Use the following context to answer the question.
Context:
{context}
Question: {query}
"""
resp = client.chat.completions.create(
model="deepseek-ai/DeepSeek-R1",
messages=[{"role": "user", "content": prompt}],
temperature=0.1
)
return resp.choices[0].message.content
# Main Flow
user_query = "What is Chutes?"
print(f"Querying: {user_query}...")
# 1. Embed
vector = get_embedding(user_query)
# 2. Retrieve
context = search_knowledge_base(vector)
print(f"Retrieved Context:\n{context}\n")
# 3. Generate
answer = generate_answer(user_query, context)
print(f"Answer:\n{answer}")Advanced: ComfyUI Workflow for RAG
You can also use ComfyUI on Chutes to build visual RAG pipelines.
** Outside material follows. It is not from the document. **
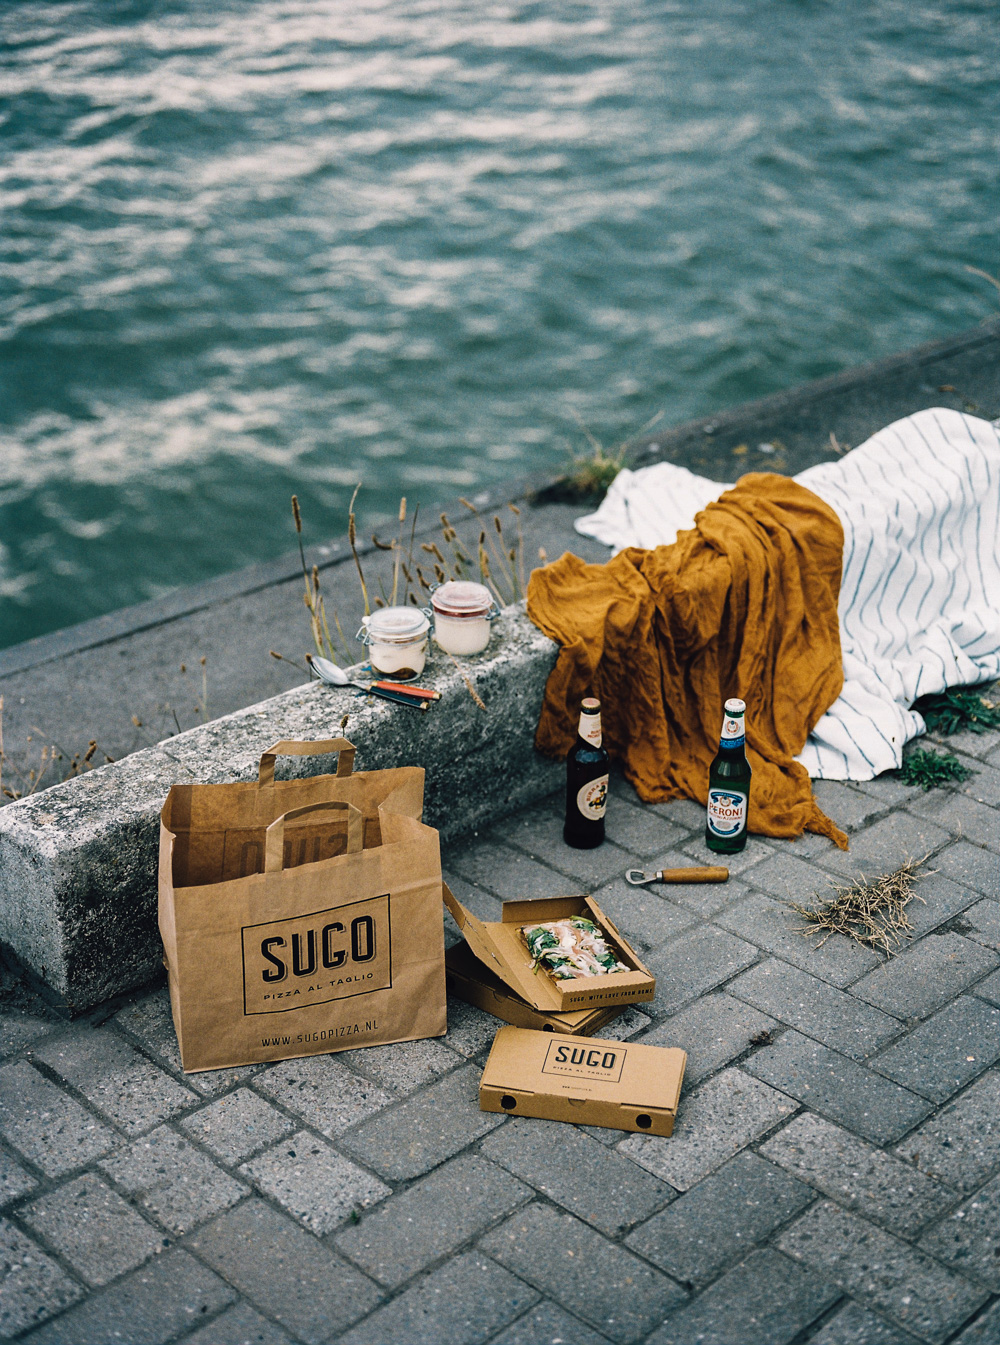 hanke-arkenbout-inspire-styling-sugo-pizza-16.jpg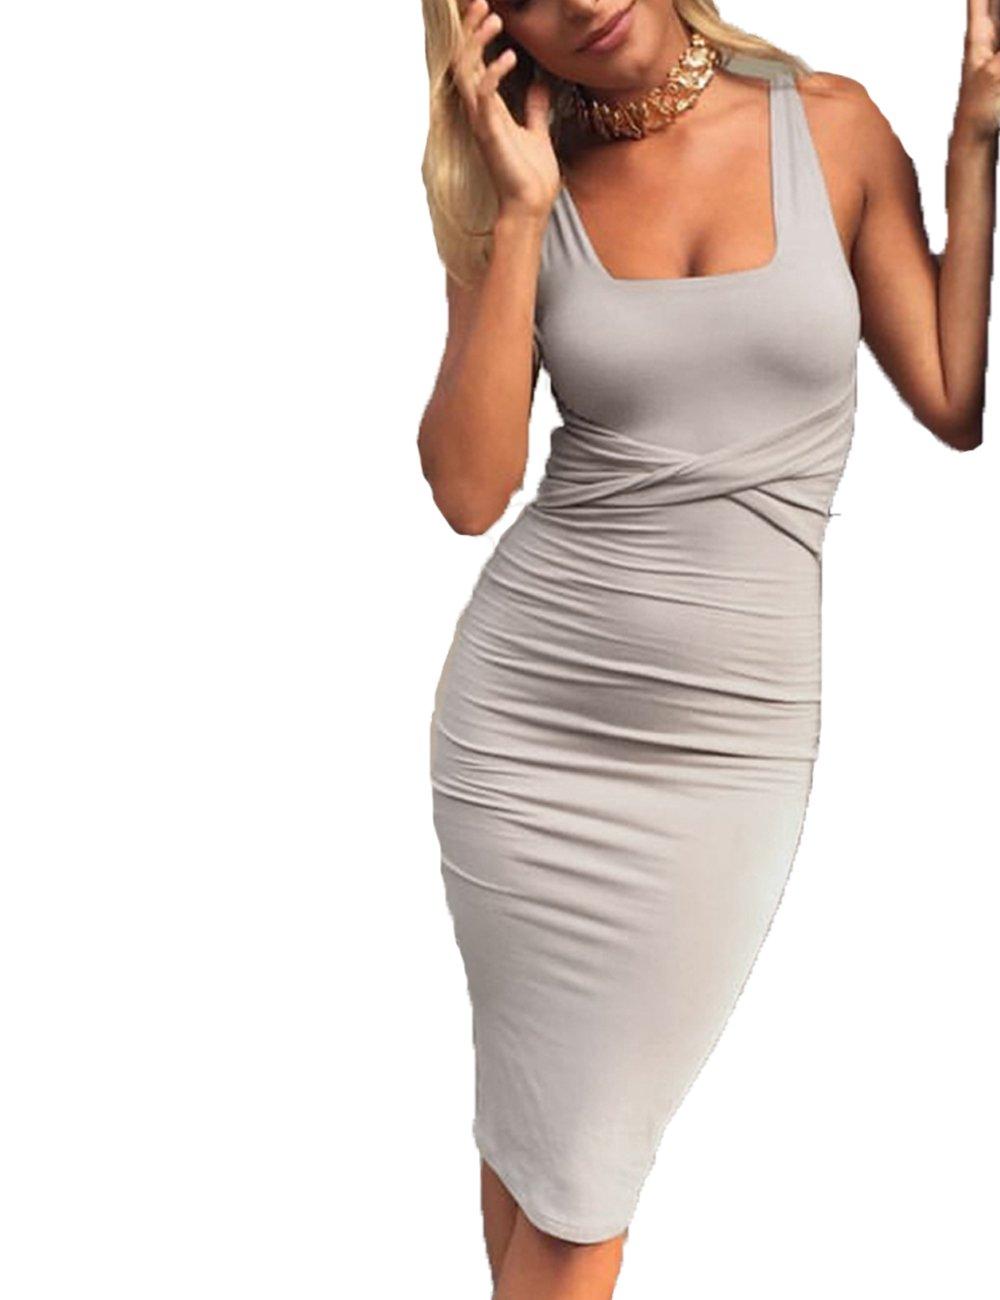 Available at Amazon: UZZDSS Sexy Sleeveless Velvet Warm Stretchy Cross Criss Tank Black Dark Blue Gray White Bodycon Bandage Dress

The example in the Chutes examples directory demonstrates how to wrap a ComfyUI workflow (which can include RAG nodes) inside a Chute API.
- Build a ComfyUI workflow that includes text loading, embedding, and LLM query nodes.
- Export the workflow as JSON API format.
- Use the pattern to load this workflow into a Chute, exposing inputs (like "prompt") as API parameters.
This allows you to drag-and-drop your RAG logic and deploy it as a scalable API instantly.